| HN Mirror

Y	Hacker News new \| ask \| show \| jobs

by theevilsharpie 1710 days ago

> If you read past post mortem, you should notice that configuration induced outages have been the sole category of all large-scale outages.

Is it really that surprising? GCP's services are designed to be fault tolerant, and can easily deal with node and equipment failures.

Bugs and configuration errors are much more difficult to deal with, because the computer is doing what it's been programmed to do, even if that isn't necessarily what they wanted or intended. Correctness-checking tools can catch trivial configuration errors, but problems can still slip through, especially if they only manifest themselves under a production load.

If GCP were repeating literally the same failure over and over again, I could understand the frustration, but I don't think that's the case here. Demanding that GCP avoid all configuration-related outages seems unreasonable -- they would either have to stop any further development (since after all, any change has the potential to cause an outage), or they'd need some type of mechanism for the computer to do what the developers meant rather than what they said, which is will beyond any current or foreseeable technology and would essentially require a Star Trek-level sentient computer.

1 comments

justicezyx 1710 days ago

I told you they are not improving.
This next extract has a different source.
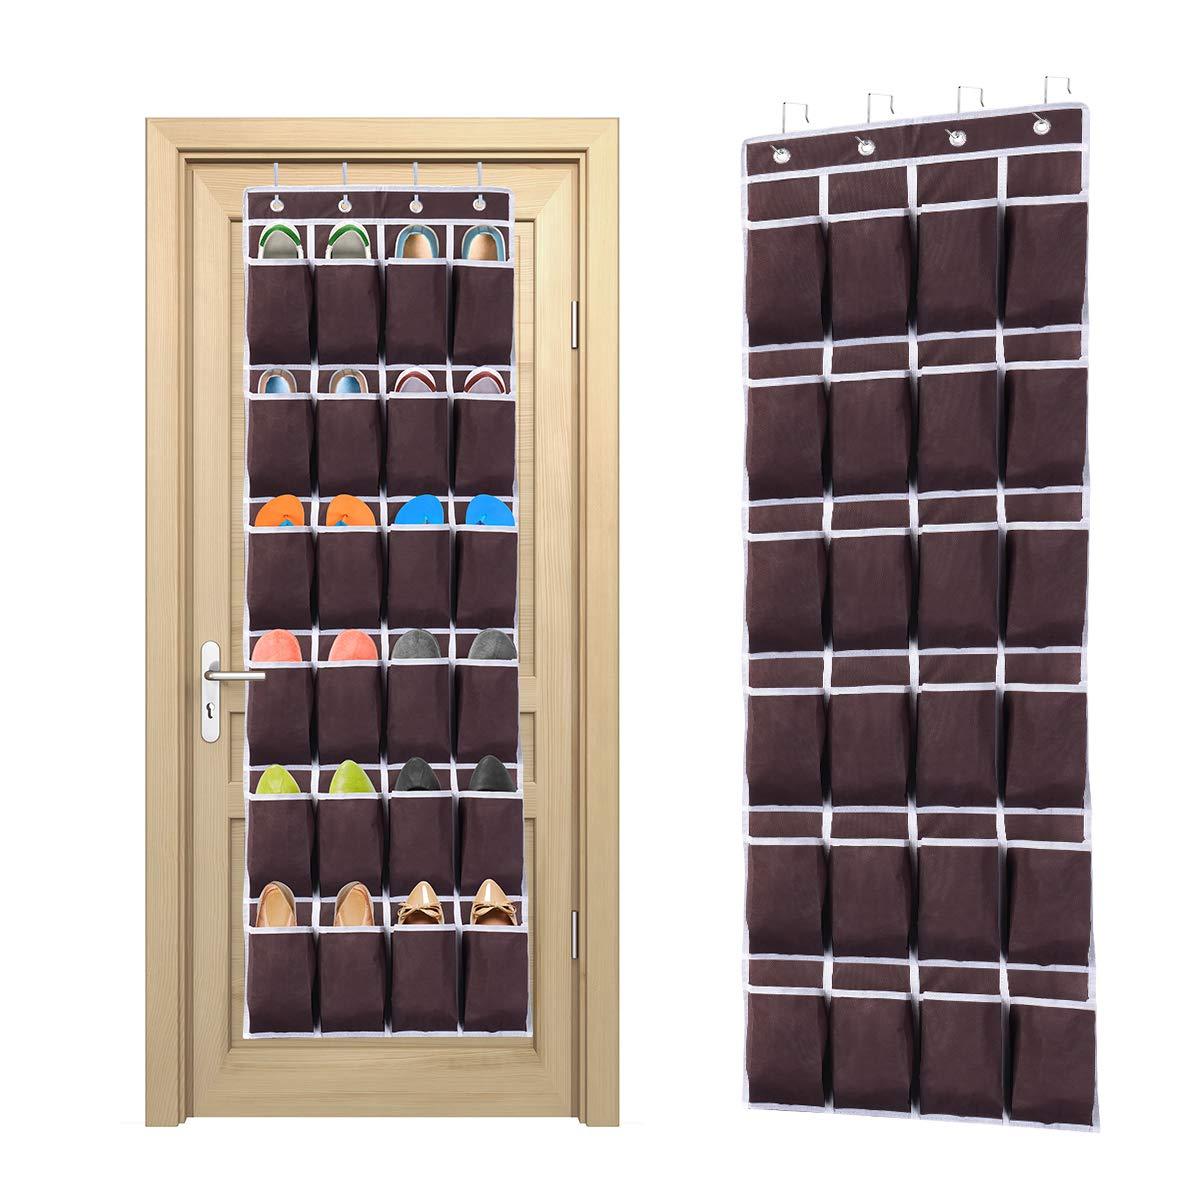 Ecbrt Over the Door Shoe Organiser 24 Pockets Hanging Shoe Holder with 4 Metal Hooks

Not that config induced outages is not nasty...

link

extropy 1710 days ago

It might be a business decision.

More reliability means slower development speed. If you are on the same ballpark as your competition, better invest in development speed than being 10x more reliable.

link

bostik 1710 days ago

And perhaps counter-intuitively: slower development speed often means reduced reliability.

If your development and deploy cadence is slower, you end up batching up more changes in any given deployment. Larger changes => higher likelyhood of something in them being wrong => harder to debug due to delta size => wider effective blast radius.

Fast testing and robust build validation are some of the more important guard rails that allow to move fast and be more reliable at the same time.

link